# you know you want it!



## Diablo (Dec 20, 2007)

Chibson no long waits! | Guitars | Windsor Region | Kijiji 

Gibson replica. Good pickups, but would need new pots, nut and tuners. Bridge is decent. Want that Les Paul? Want that les paul with a nice bookend headstock and still cost less than an ugly epi even after upgrades. Here is your chance! Slim neck very playable. See if your friends can tell. Regardless it looks beautiful on your wall. Probably has less flaws that real Gibsons these days  Nice green with zebra pups and cream pickguard....you know you want it! 500 OBO


----------



## colchar (May 22, 2010)

You gotta post that in the Chibson thread.


----------



## Always12AM (Sep 2, 2018)

It’s looks a lot better than what I’d expect, the board and neck and nut look like they have been well put together.

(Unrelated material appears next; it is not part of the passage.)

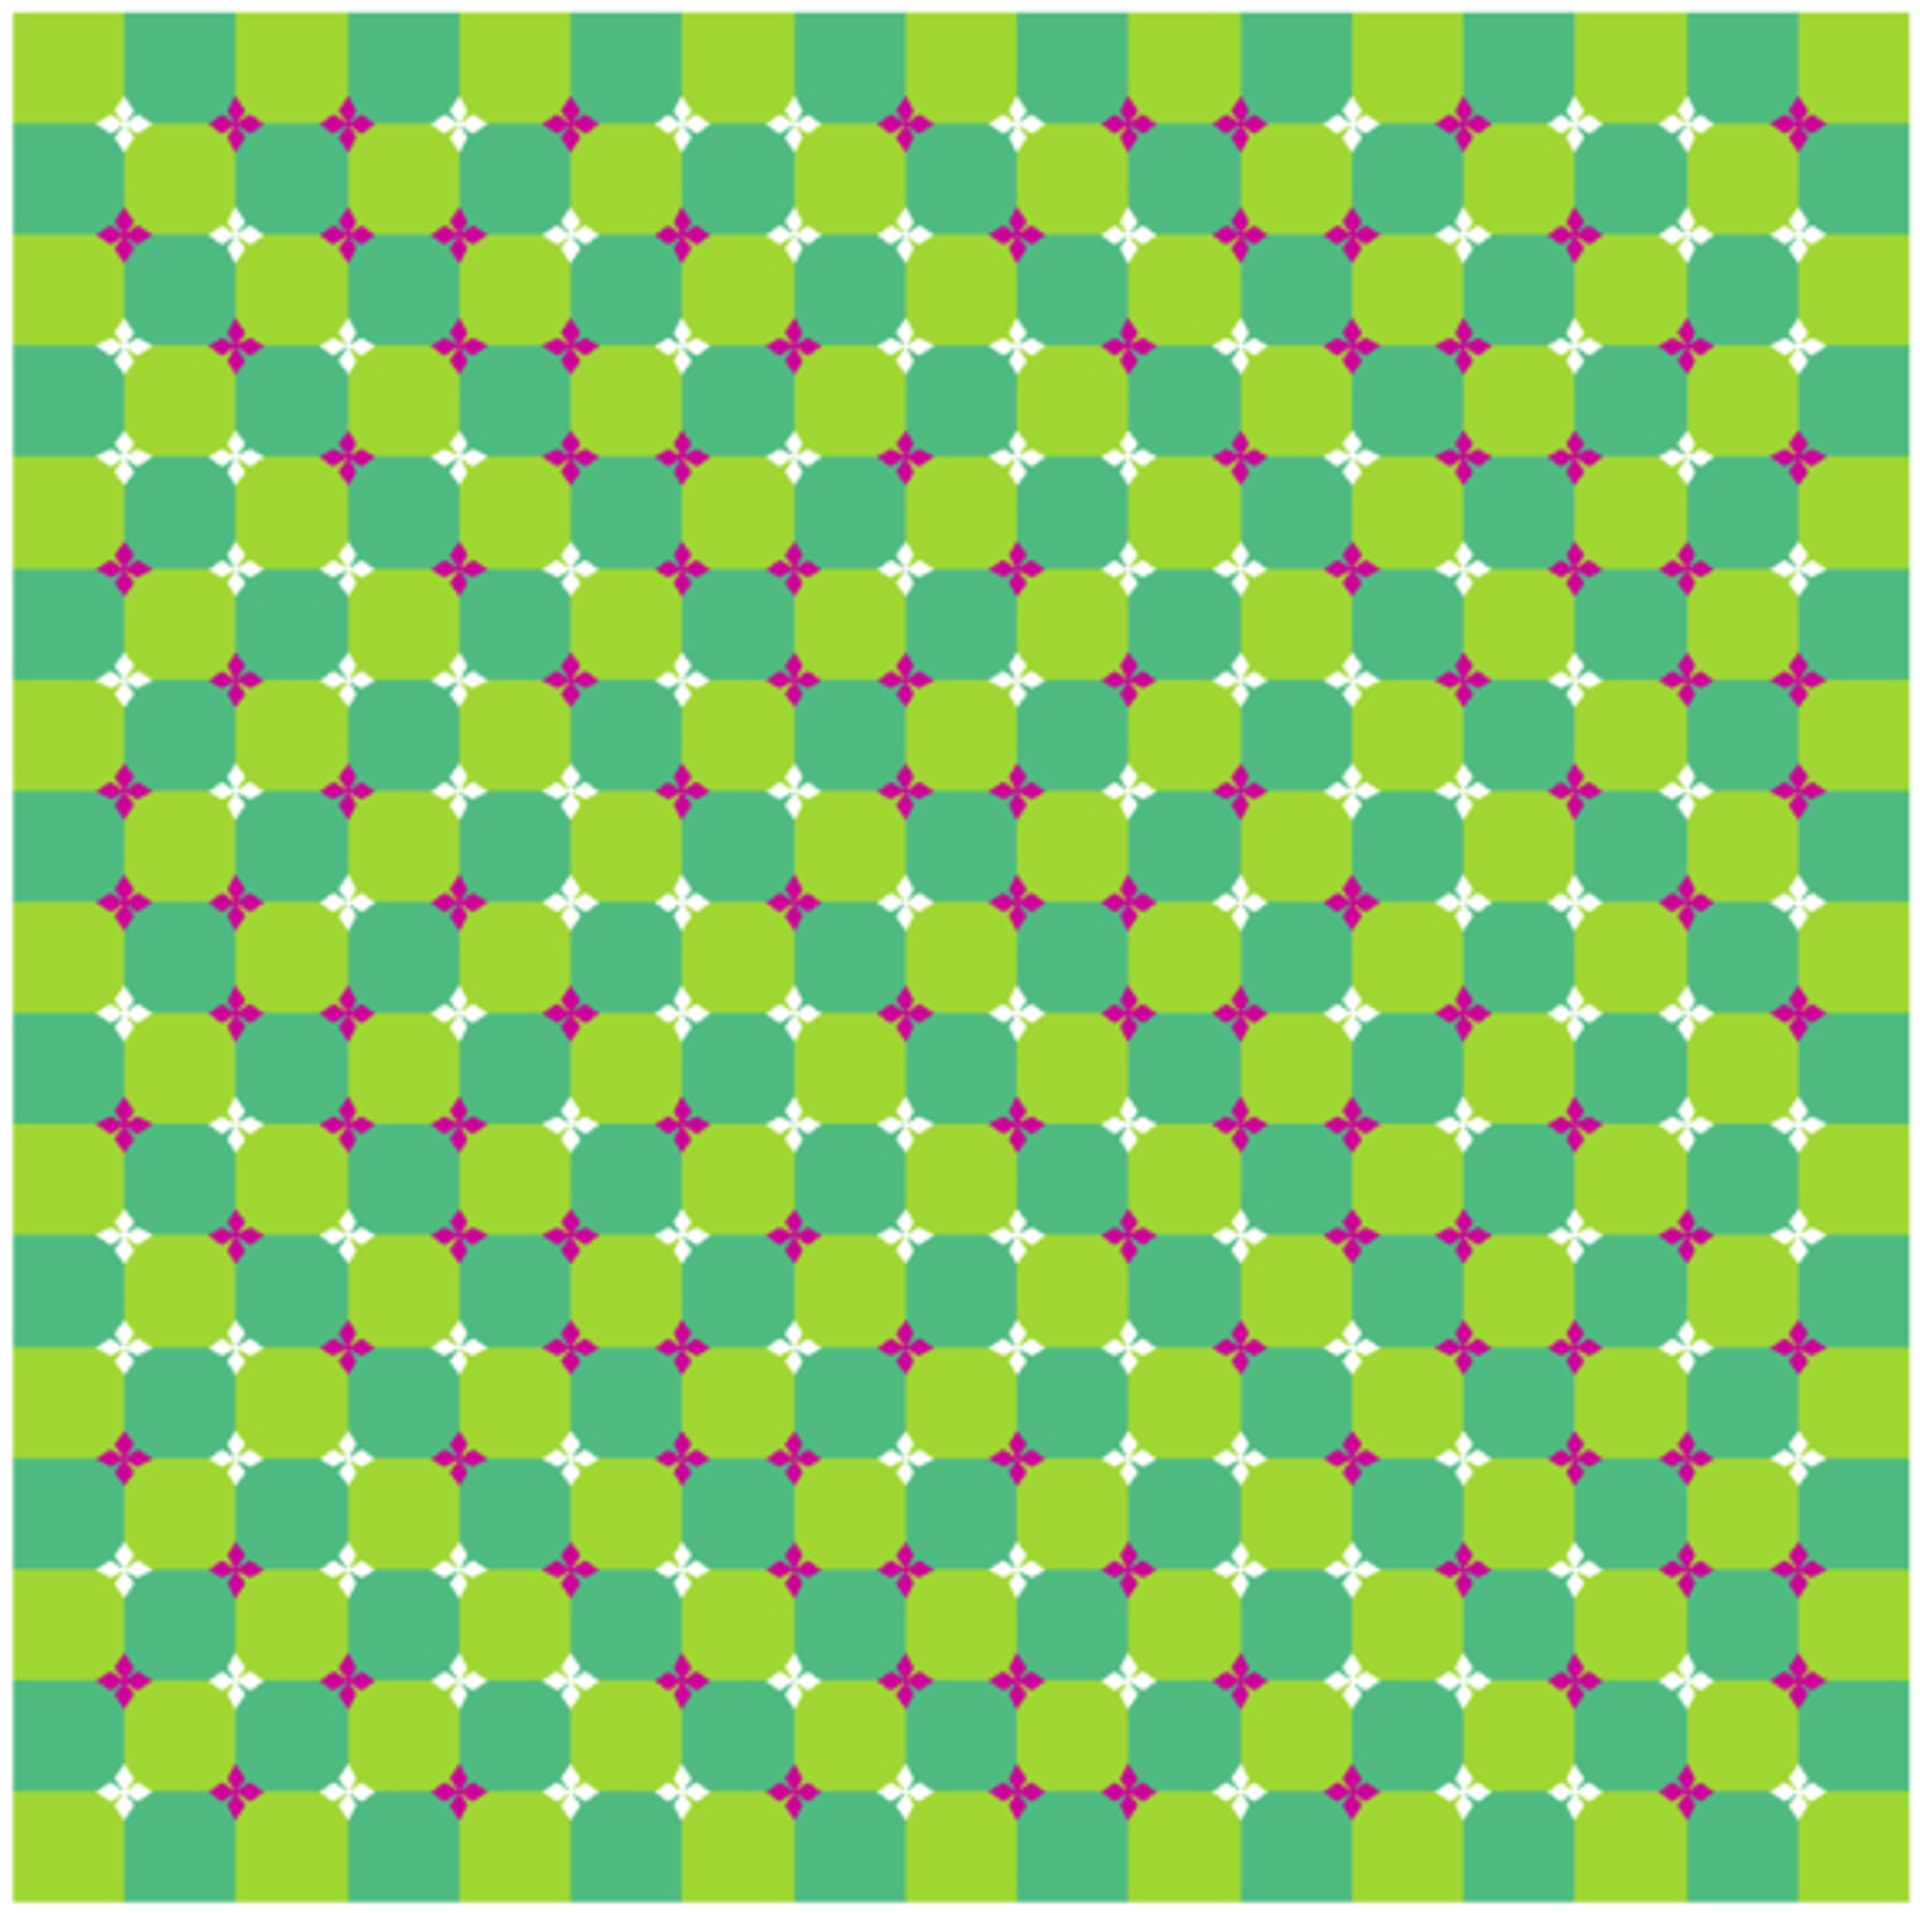 Optická iluze

The colour isn’t my cup of tea, but that’s pretty subjective.


----------



## sulphur (Jun 2, 2011)

It looks like they are getting the headstock closer to the real thing.


----------



## BlueRocker (Jan 5, 2020)

Your friends will know if they're closer than 50 feet away.


----------



## aC2rs (Jul 9, 2007)

_"Regardless it looks beautiful on your wall." _

I doubt it would even make a good wall hanger.


----------



## Milkman (Feb 2, 2006)

Interesting word use.

I hear there are still people trying to pass off "replicas" of US $20 bills in some places.


----------



## aC2rs (Jul 9, 2007)

Milkman said:


> Interesting word use.
> 
> I hear there are still people trying to pass off "replicas" of US $20 bills in some places.


Very well stated.


----------



## 2manyGuitars (Jul 6, 2009)

I’ve done that many times, replied to these ads with “I’ll take it!! As long as I can pay you with “replica” $20 bills.”


----------